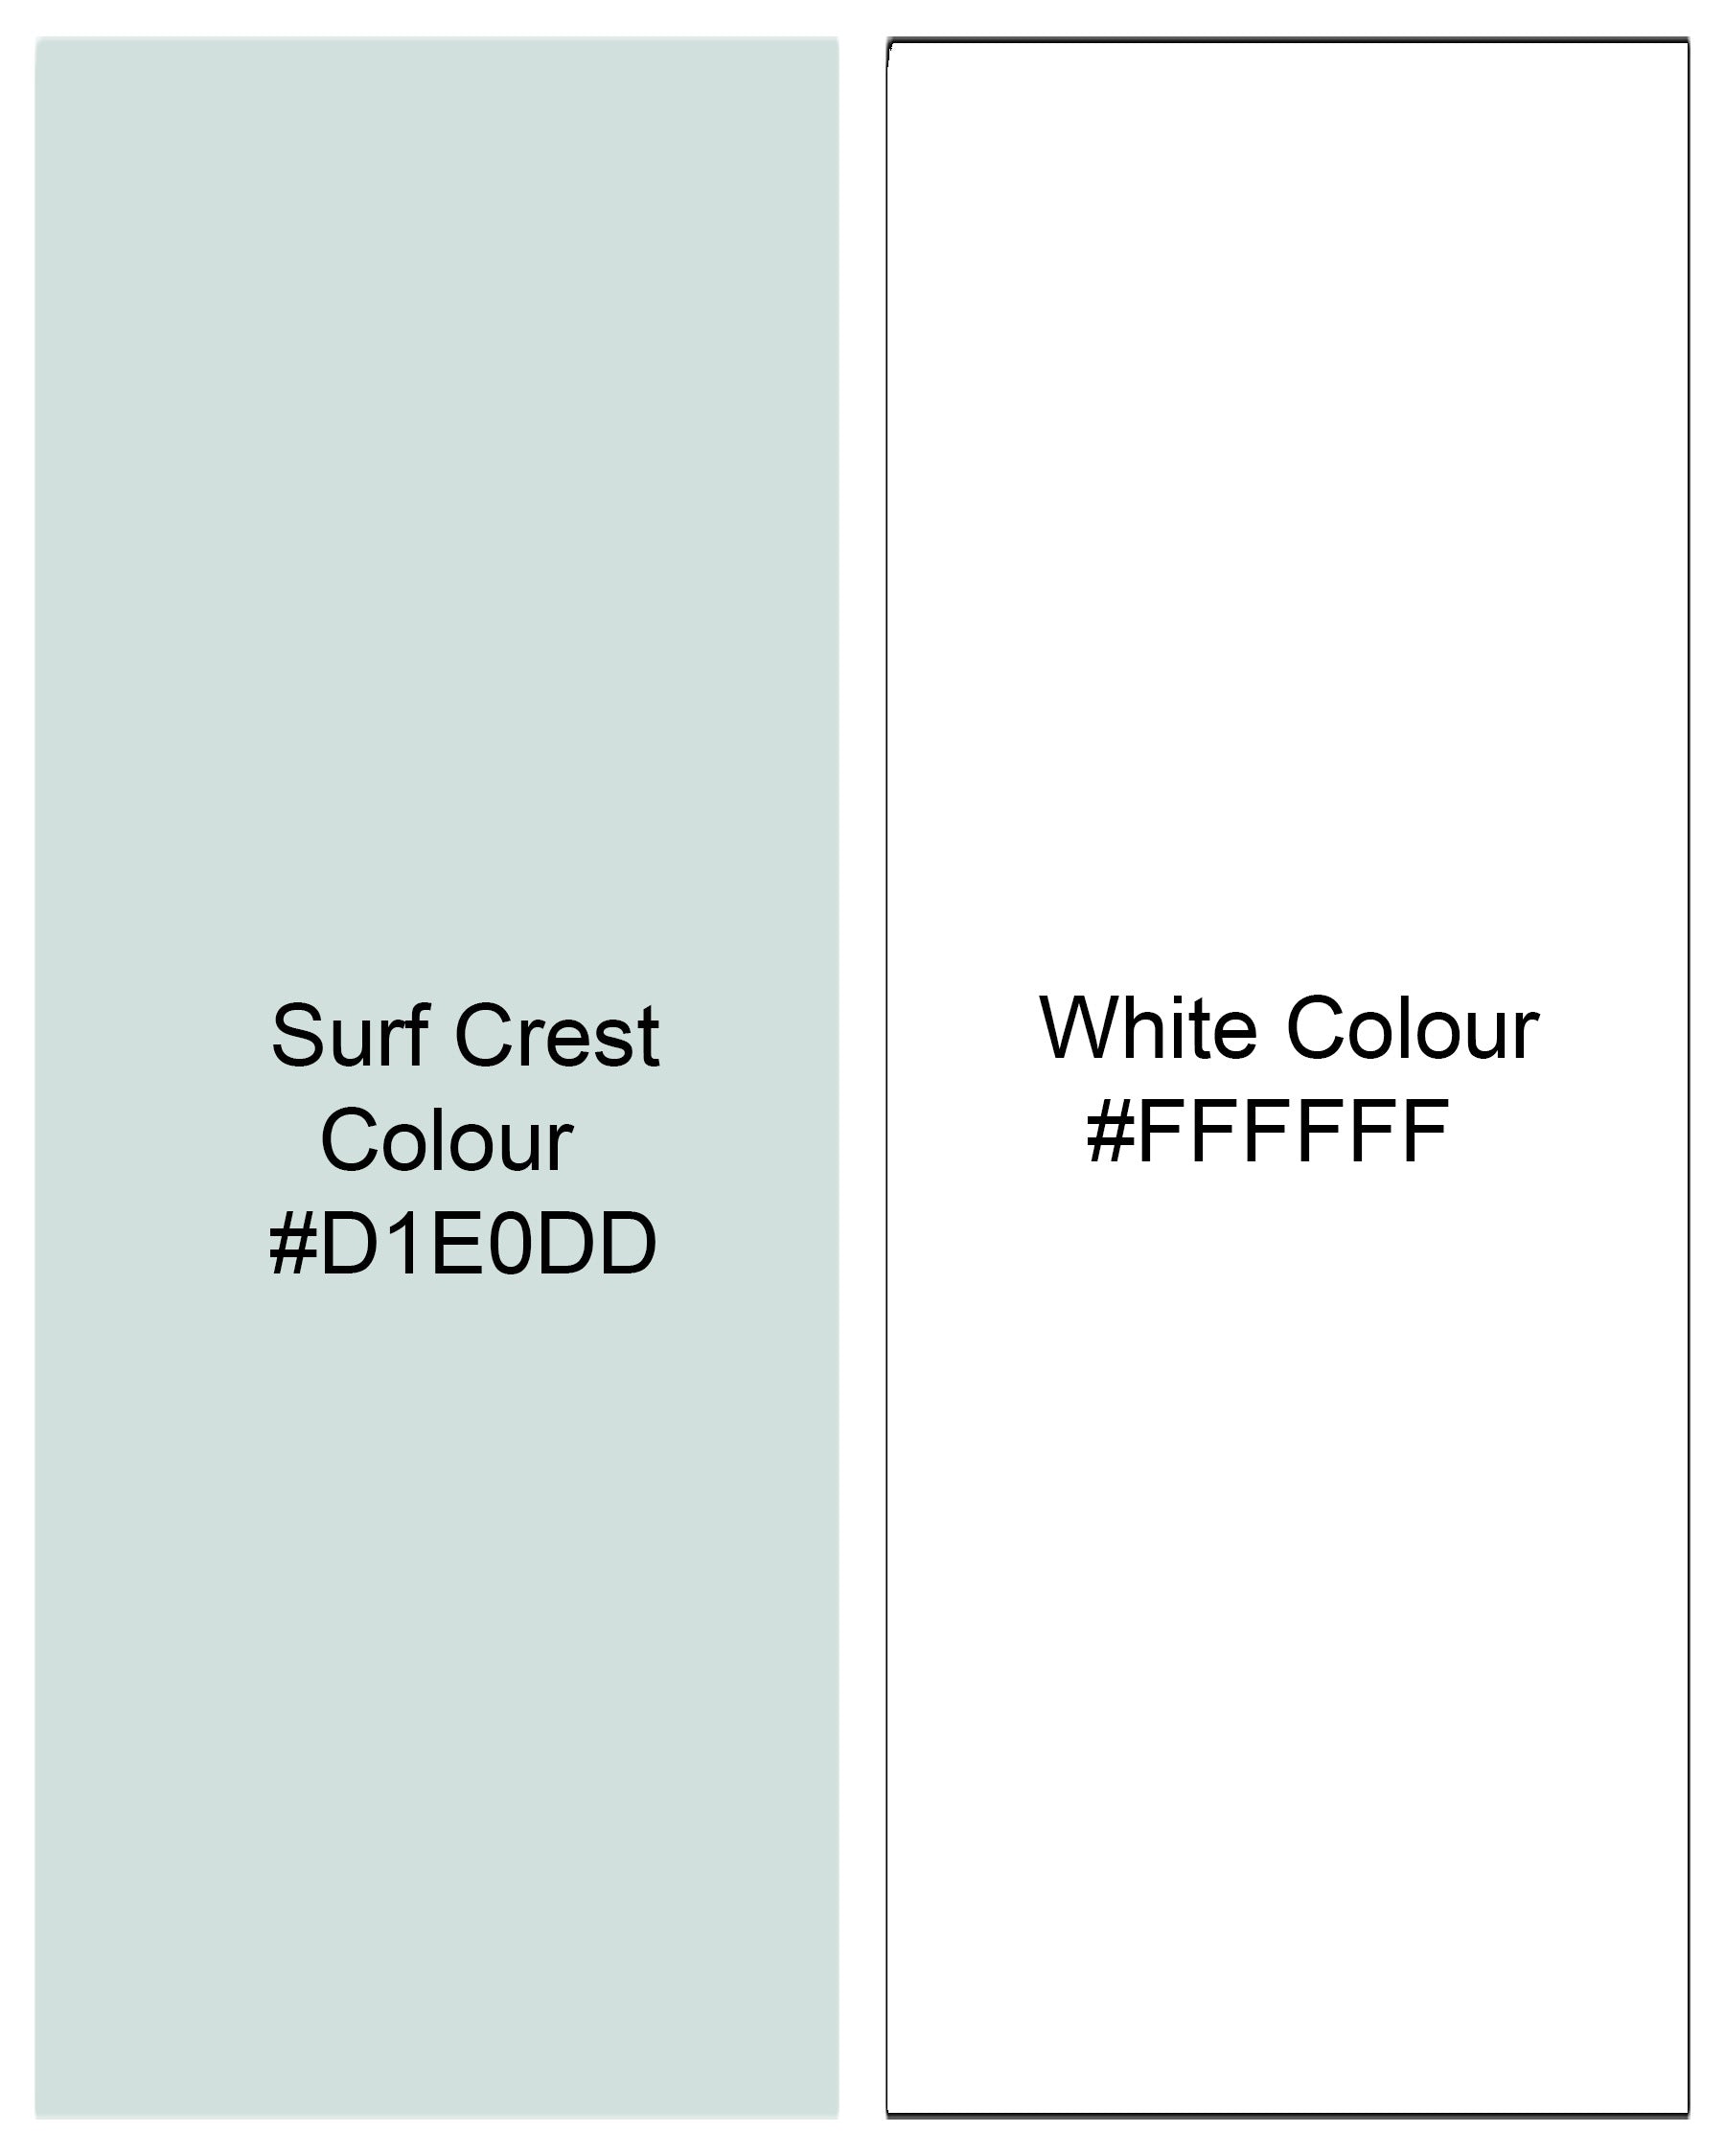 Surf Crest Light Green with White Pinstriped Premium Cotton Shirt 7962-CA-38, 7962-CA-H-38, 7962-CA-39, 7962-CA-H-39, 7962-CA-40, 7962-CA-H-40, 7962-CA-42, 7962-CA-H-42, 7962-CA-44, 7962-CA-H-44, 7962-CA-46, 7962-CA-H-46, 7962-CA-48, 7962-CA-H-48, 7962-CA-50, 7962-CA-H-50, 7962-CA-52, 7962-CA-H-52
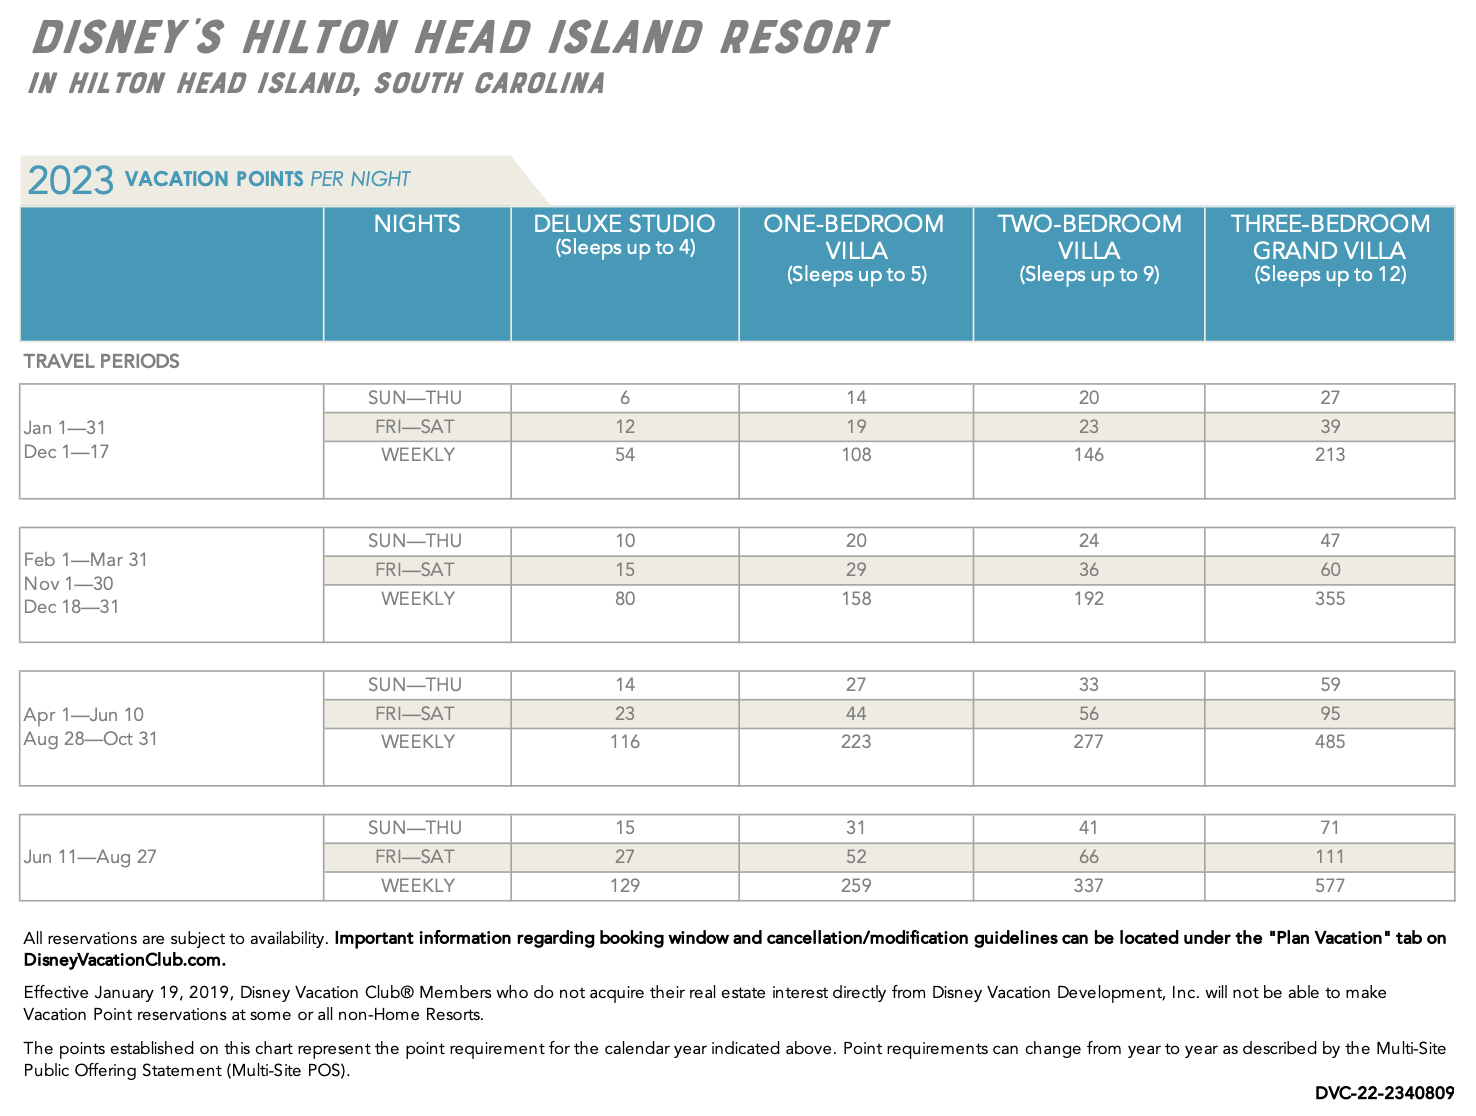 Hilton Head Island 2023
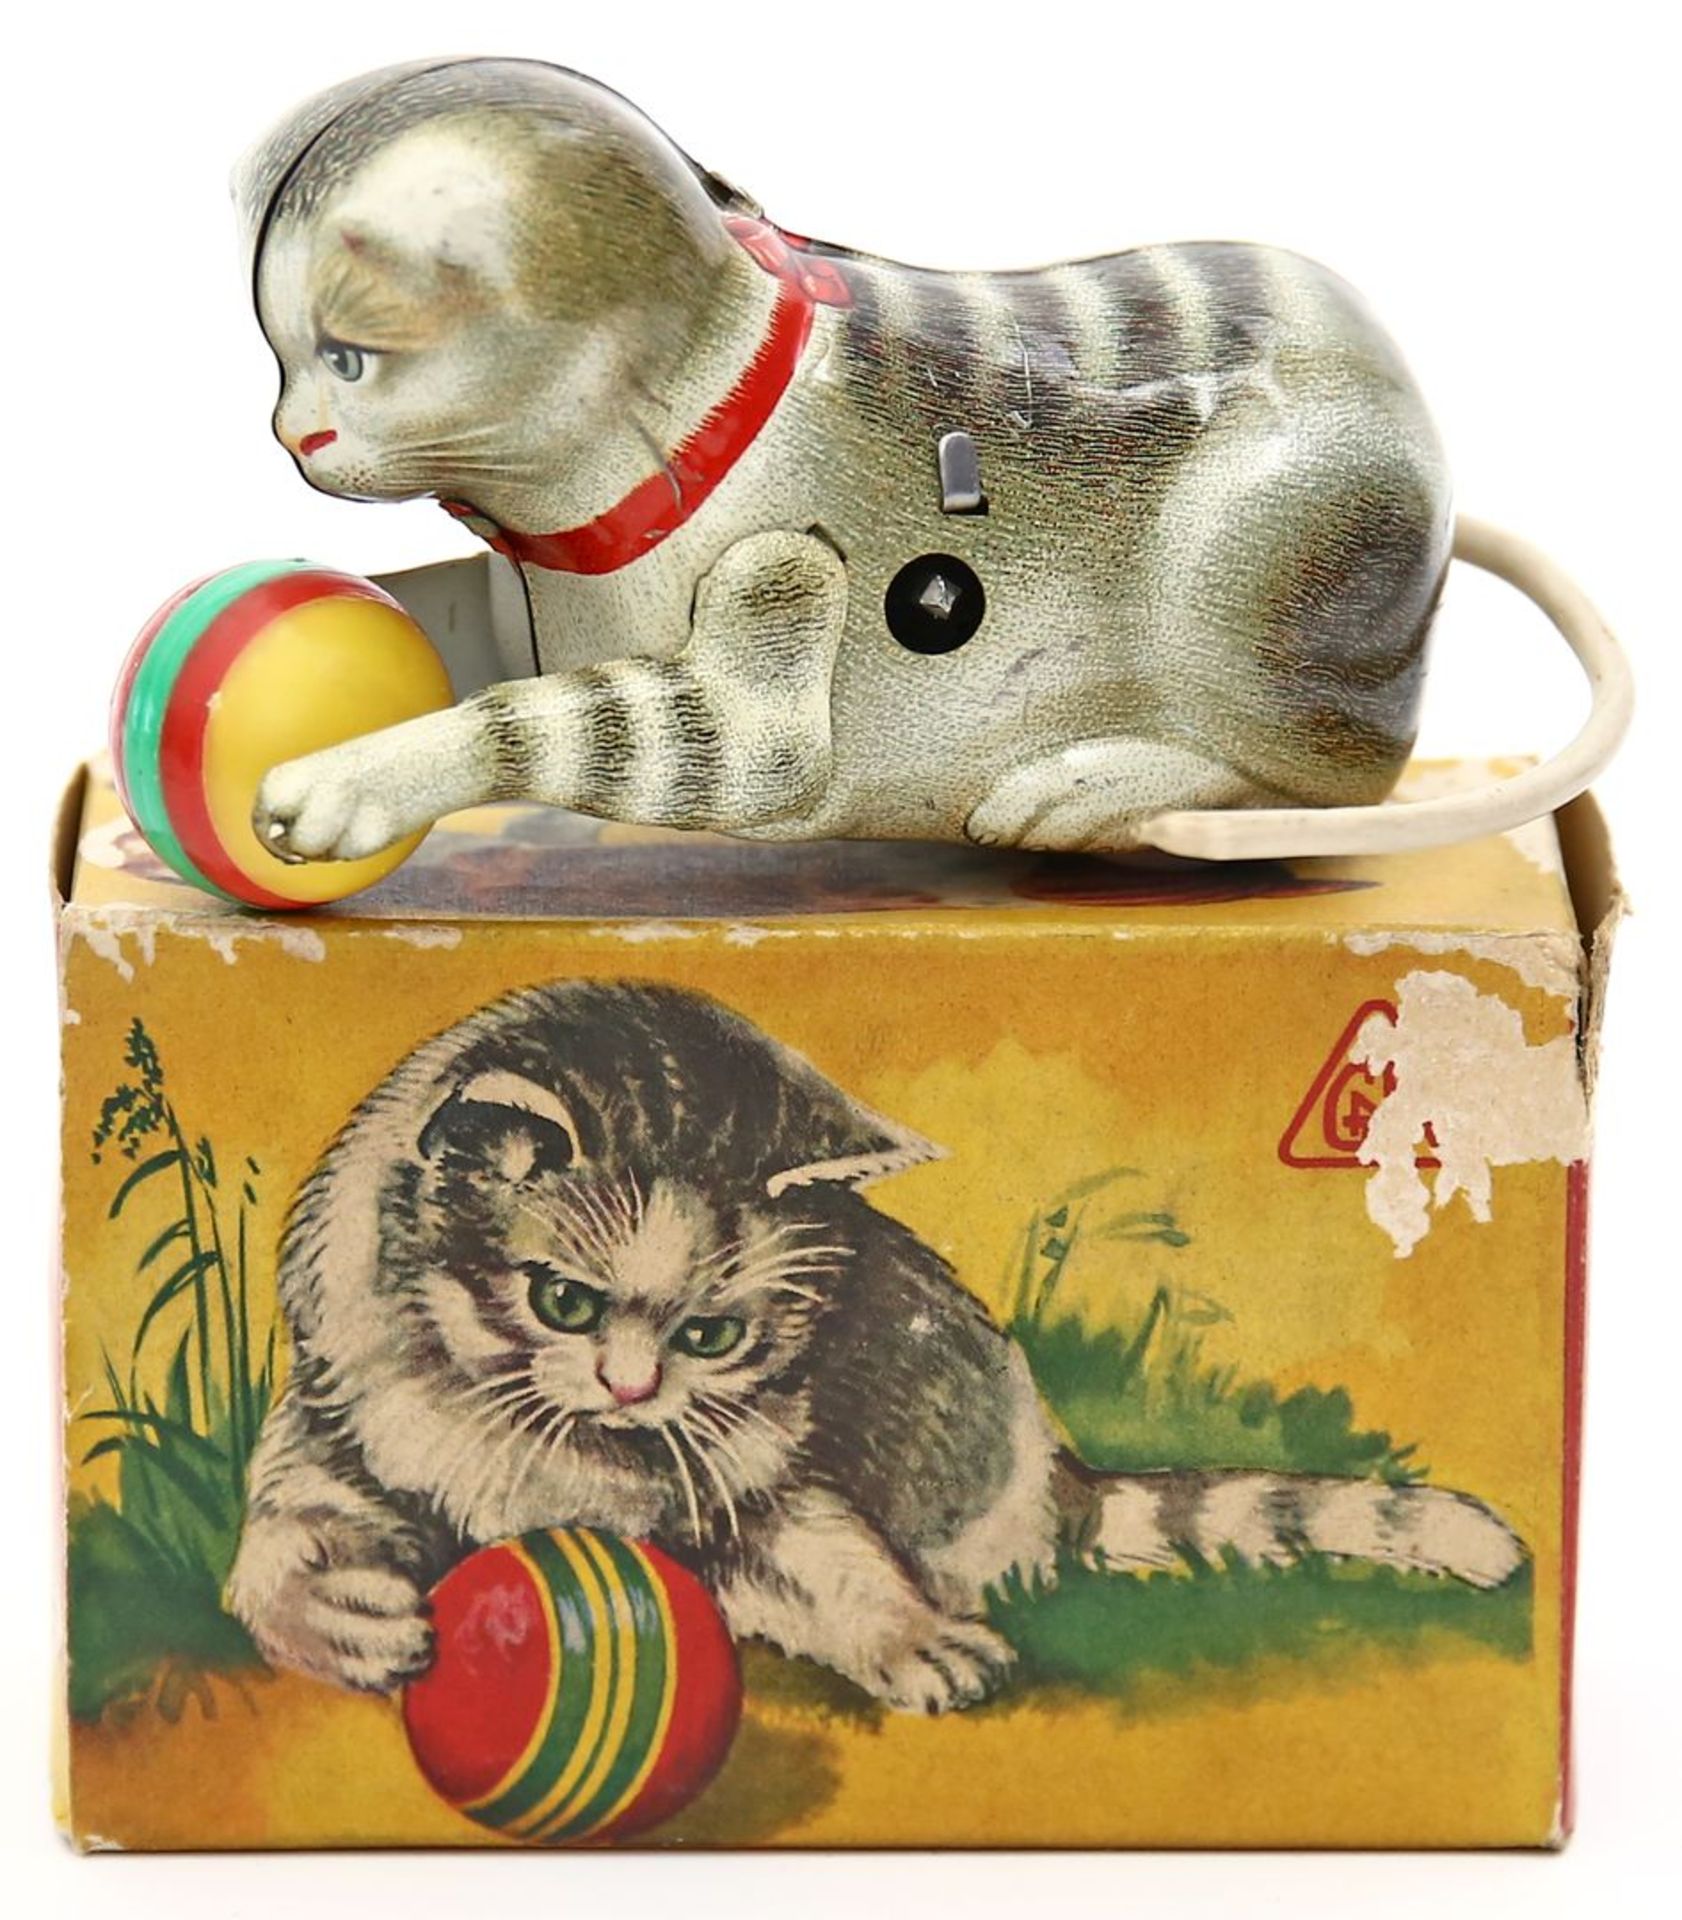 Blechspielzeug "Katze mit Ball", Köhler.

=====

INSTRUCTIONS TO FOLLOW:
Repeat only the lines from the beginning of the material through the line containing "Hilton Head Island 2023", both ends kept, leaving pictures out.

TASK OUTPUT:
 Surf Crest Light Green with White Pinstriped Premium Cotton Shirt 7962-CA-38, 7962-CA-H-38, 7962-CA-39, 7962-CA-H-39, 7962-CA-40, 7962-CA-H-40, 7962-CA-42, 7962-CA-H-42, 7962-CA-44, 7962-CA-H-44, 7962-CA-46, 7962-CA-H-46, 7962-CA-48, 7962-CA-H-48, 7962-CA-50, 7962-CA-H-50, 7962-CA-52, 7962-CA-H-52
 Hilton Head Island 2023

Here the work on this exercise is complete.